ALB and target group
The ALB forwards HTTP on port 80 (or HTTPS on 443 with ACM + Route53 when enable_https = true) to an ip-type target group, which is required for awsvpc tasks:
# terraform/modules/alb/main.tf
resource "aws_lb_target_group" "app" {
target_type = "ip" # required for awsvpc
health_check {
path = var.health_check_path
interval = 30
healthy_threshold = 2
unhealthy_threshold = 3
}
}
The health check defaults (30s interval, 2 consecutive passes = healthy) mean a new task takes at least 60 seconds before the ALB considers it healthy. This is the floor on how fast a rolling deploy can proceed.
The CI/CD pipeline
OIDC auth (no long-lived keys)
GitHub Actions uses OIDC to assume an IAM role, eliminating stored AWS credentials:
- uses: aws-actions/configure-aws-credentials@v4
with:
role-to-assume: ${{ secrets.AWS_ROLE_ARN }}
aws-region: ${{ vars.AWS_REGION }}
The IAM role's trust policy allows sts:AssumeRoleWithWebIdentity from the GitHub OIDC provider, scoped to your repo.
Build and push to ECR
Images are tagged with the git SHA for immutability plus latest as a floating pointer:
docker build --platform linux/amd64 -t my-app:local .
docker tag my-app:local "${REGISTRY}/${REPO}:${GITHUB_SHA}"
docker tag my-app:local "${REGISTRY}/${REPO}:latest"
docker push "${REGISTRY}/${REPO}:${GITHUB_SHA}"

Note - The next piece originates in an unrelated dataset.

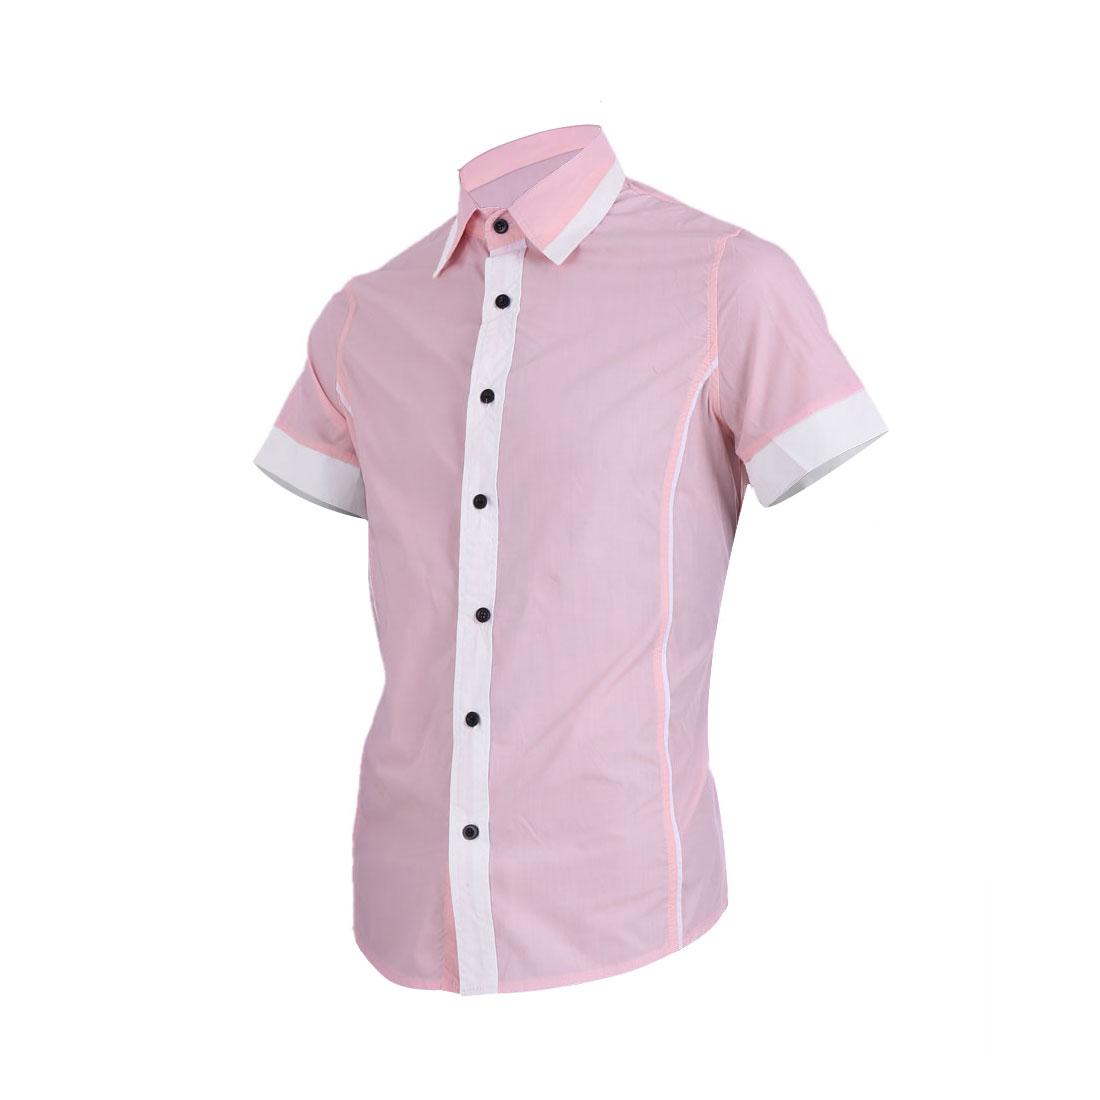 Men Short Sleeve Single Breasted Slim Fit Light Pink Shirt M
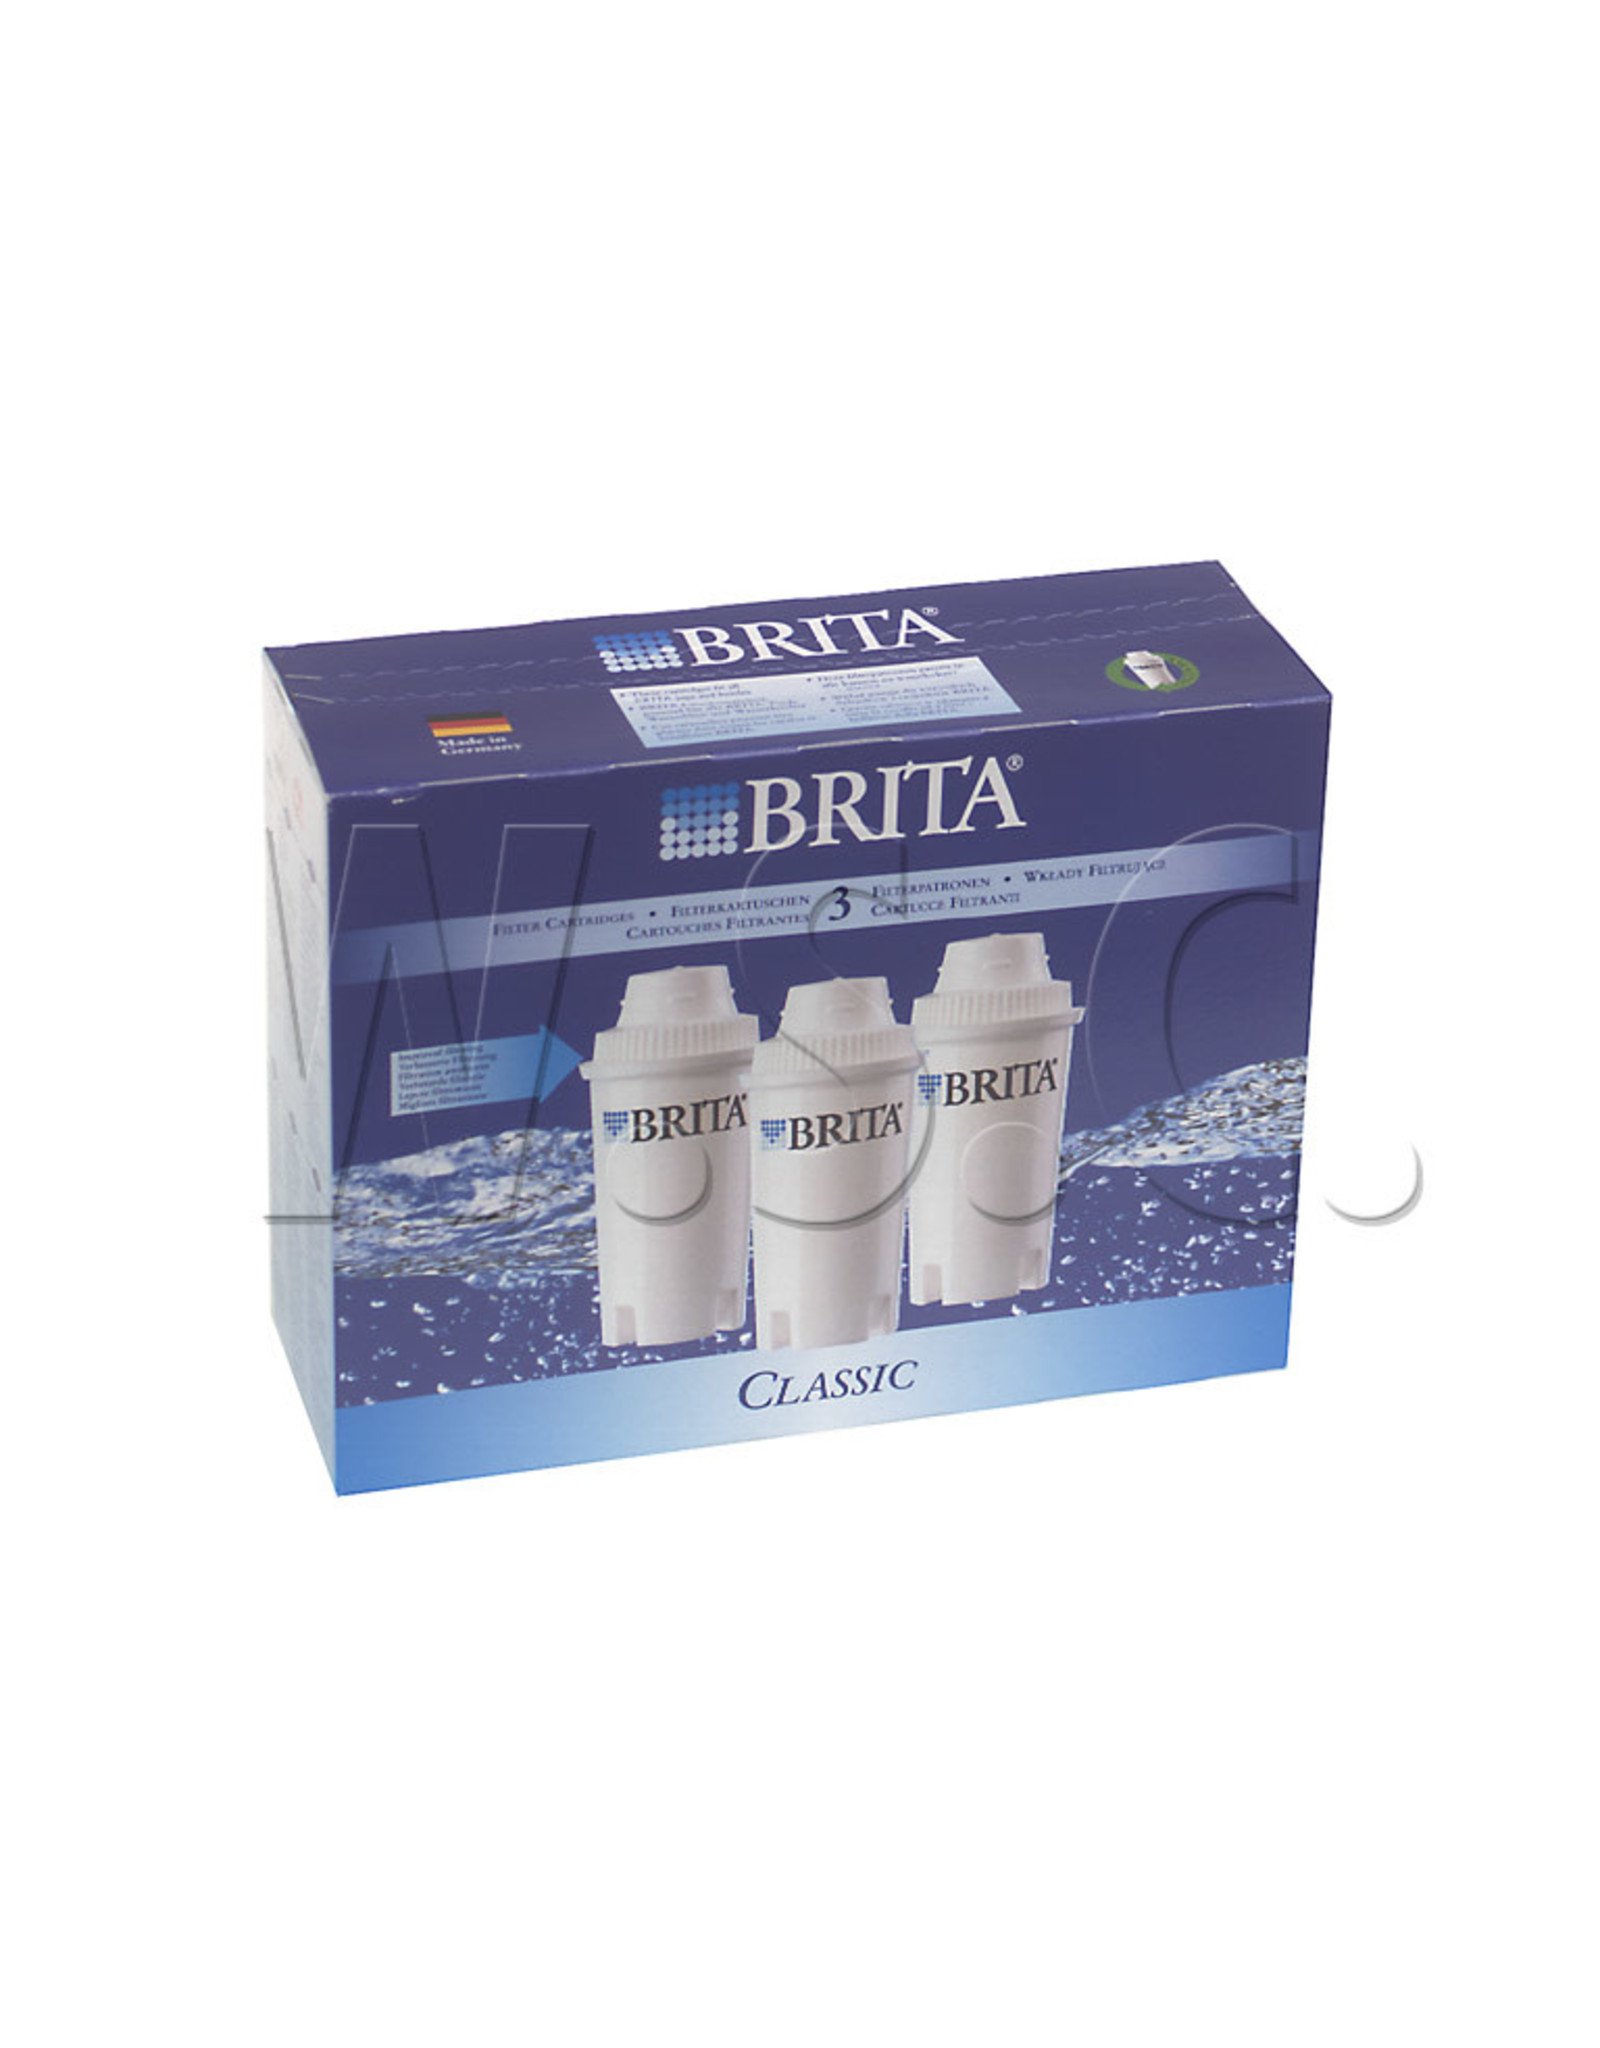 Brita BRITA      NAVULPATROON 3-PACK

docker push "${REGISTRY}/${REPO}:latest"
Platform is explicitly linux/amd64 because ECS EC2 instances are AMD64. Building on an Apple Silicon Mac without --platform linux/amd64 produces an ARM image that ECS will refuse to run.
Deploying to ECS
After images are pushed to ECR, the production path in this repo (ci.yml’s deploy-ecs job) does two important things:
- Clones the task definition ECS is already running, swaps
containerDefinitions[0].imageto the immutable…ECR_REPO:${GITHUB_SHA}URI (viaaws ecs describe-task-definition+jq), andregister-task-definition. - Calls
aws ecs update-servicewith--task-definition family:revisionand--force-new-deployment.

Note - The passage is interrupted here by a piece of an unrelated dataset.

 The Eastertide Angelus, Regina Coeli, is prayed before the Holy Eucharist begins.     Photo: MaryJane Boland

That avoids relying on :latest alone on EC2-backed ECS, where cached images can otherwise make “why is my pod still old?” debugging painful. For a one-off manual deploy, update-service --force-new-deployment against the current task definition revision is still valid — it just will not pick up a new tag if the task definition still points at an older image reference.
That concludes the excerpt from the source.